Si la politique de l’éditeur vous est favorable alors Elle continue de s’appliquer. La loi crée juste un nouveau droit qui peut être opposé aux éditeurs dans le cas où leurs conditions seraient moins favorables.
Bonjour
Elsevier avait modifié en mai 2015 son ancienne politique de 2004. Leur discours était très emberlificoté, présentant la reculade comme une avancée, mais cette décision a été très vivement critiquée par les défenseurs de l’open access
cf. la position du COAR: https://www.coar-repositories.org/news-media/new-policy-from-elsevier-impedes-open-access-and-sharing/
Concernant les articles publiés en open – access, que ce soit dans une revue hybride ou totalement open access (APC payés par l’institution) et donc déjà librement accessible sur le site de l’éditeur : peut-on/doit-on déposer dans hal le pdf éditeur, ou uniquement la version post-print ?
Question de financement : on parle en coût total ou marginal ? Pour le dire autrement, à partir du moment où le travail est celui de fonctionnaires ou contractuels, même avec l’aide de doctorants, il est bien rare que le financement du coût total soit inférieur à 50%… Dans ce cas, quasiment tous les travaux de MdC, PU, PU-PH, CR CNRS ou INSERM… sont publiables avec un délais d’embargo plus ou moins long.
Sinon (coût uniquement marginal), vu les niveaux d’acceptation des grands appels à projets, ne seront concernés qu’environ la moitié de l’activité en Sciences pour l’Ingénieur.
Merci pour vos éclaircissements !
Bonjour, j’ai plusieurs questions :
1) la loi s’applique-t-elle aux articles publiés avant octobre 2016 ?
2) lorsqu’on n’a pas signé de contrat éditeur, peut-on mettre en ligne le fichier fourni par l’éditeur ou seulement un fichier auteur ? Il s’agit en l’occurrence d’un article paru en 2014.
Merci d’avance pour votre réponse.
1/le texte n’est pas explicite sur cette question : voir le billet de Calimaq sur la question de la rétroactivité (« Open Access : quelles incidences de la loi « République numérique » ? » https://scinfolex.com/2016/10/31/open-access-quelles-incidences-de-la-loi-republique-numerique).
2/Vous pouvez mettre en ligne votre fichier auteur.

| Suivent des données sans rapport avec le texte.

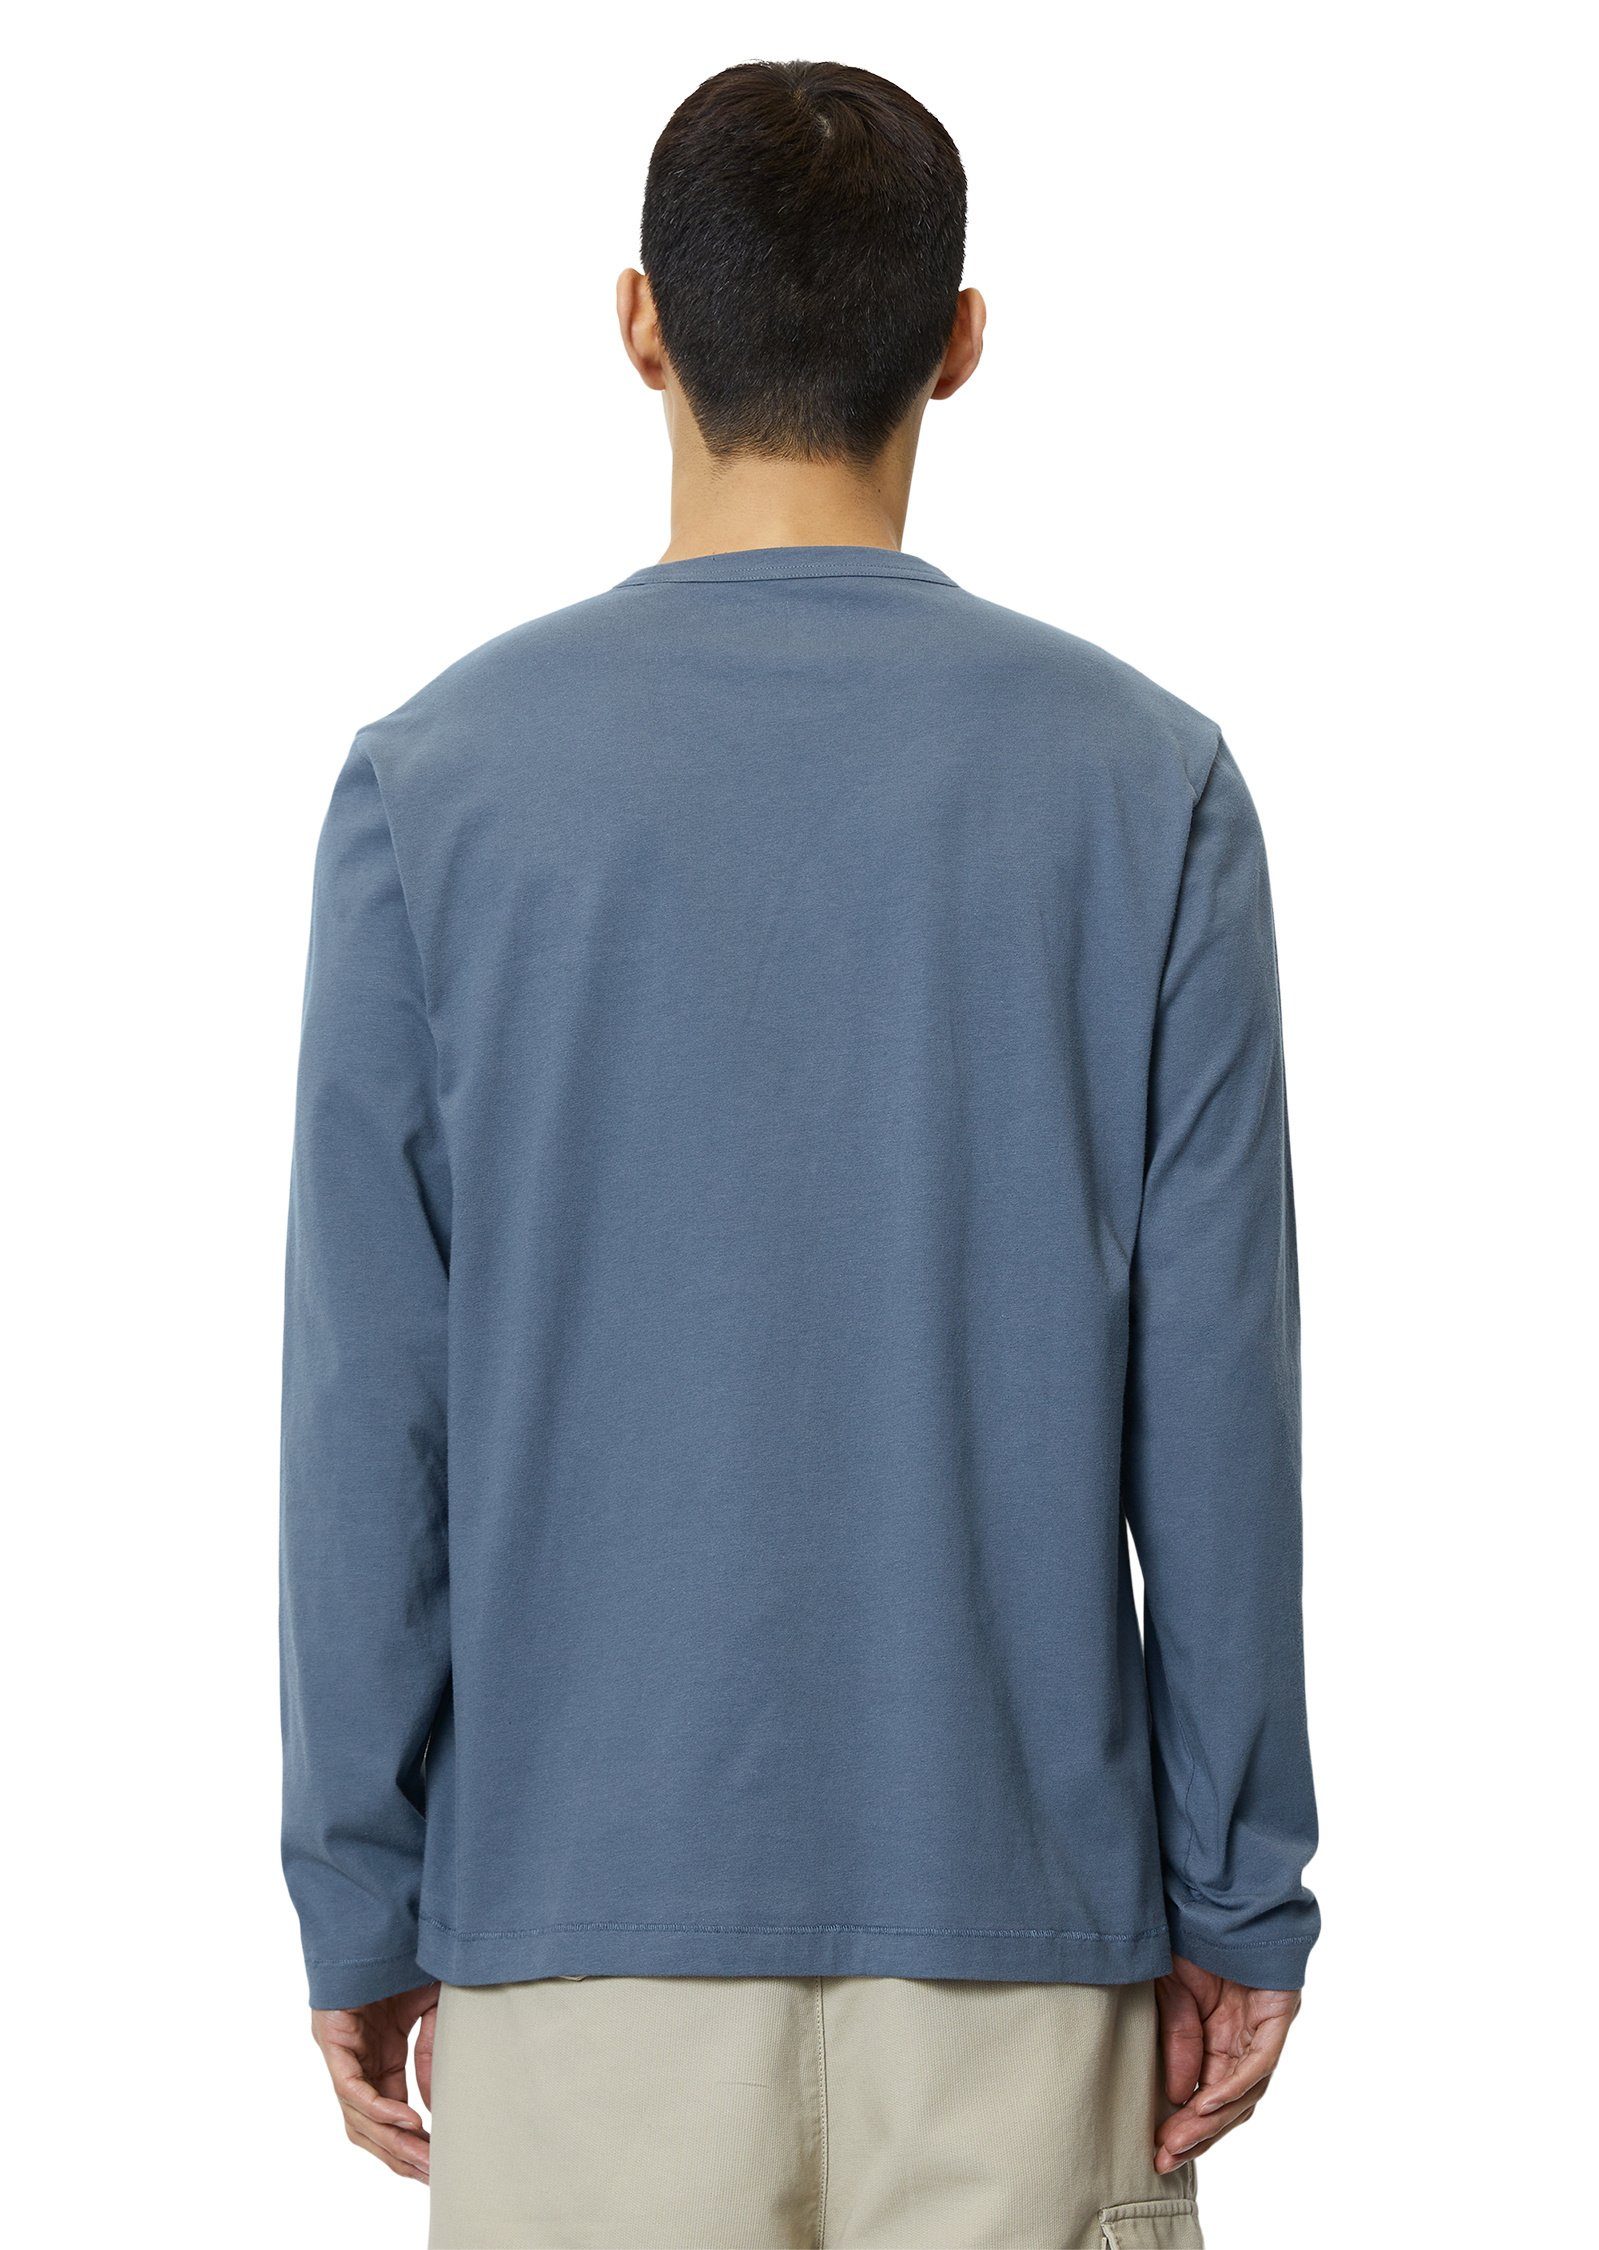 Marc O'Polo Langarmshirt aus Jersey-Qualität blau schwerer

Le fichier fourni par l’éditeur, avec sa mise en page, est protégé. Vous ne pouvez le diffuser que si l’éditeur vous l’autorise.
Le texte me semble parfaitement explicite. En l’absence d’une mention de rétroactivité (qui exige validation par le conseil constitutionnel) la loi ne peut être rétroactive. Donc vous pouvez oublier vos publis antérieures au 7 octobre 2016.
La réponse est plus nuancée : il semble que le caractère d’ordre public de la loi s’applique aussi aux contrats passés.
Que veut dire « fichier auteur »? La plupart des éditeurs fournit un template spécifique au journal que l’on remplit directement. Est ce que le fichier envoyé au journal (dernière version avant publication) utilisant le template est considéré comme un fichier auteur? Il aura la mise en page du journal mais pas sa pagination.
Merci
Un fichier auteur est un fichier produit par l’auteur. Effectivement, dans la mesure où l’auteur utilise la feuille de style de la revue pour soumettre son article, ce n’est pas simple de répondre à votre question. Mais votre fichier est sans doute modifiable …
Et si le travail publié n’a pas été financé directement par l’Etat ? Je trouve que la loi est incomplète. Elle devrait englober aussi tous les travaux financés indirectement par des fonds publics. Par exemple, si un chercheur retraité continue de réfléchir et de publier, j’estime que ses publications elles aussi relèvent du droit à l’accès public, spécialement s’il n’a accédé au savoir que grâce à des bourses d’Etat et, s’il continue à réfléchir à la science, parce qu’il été employé pendant toute sa carrière dans la recherche publique.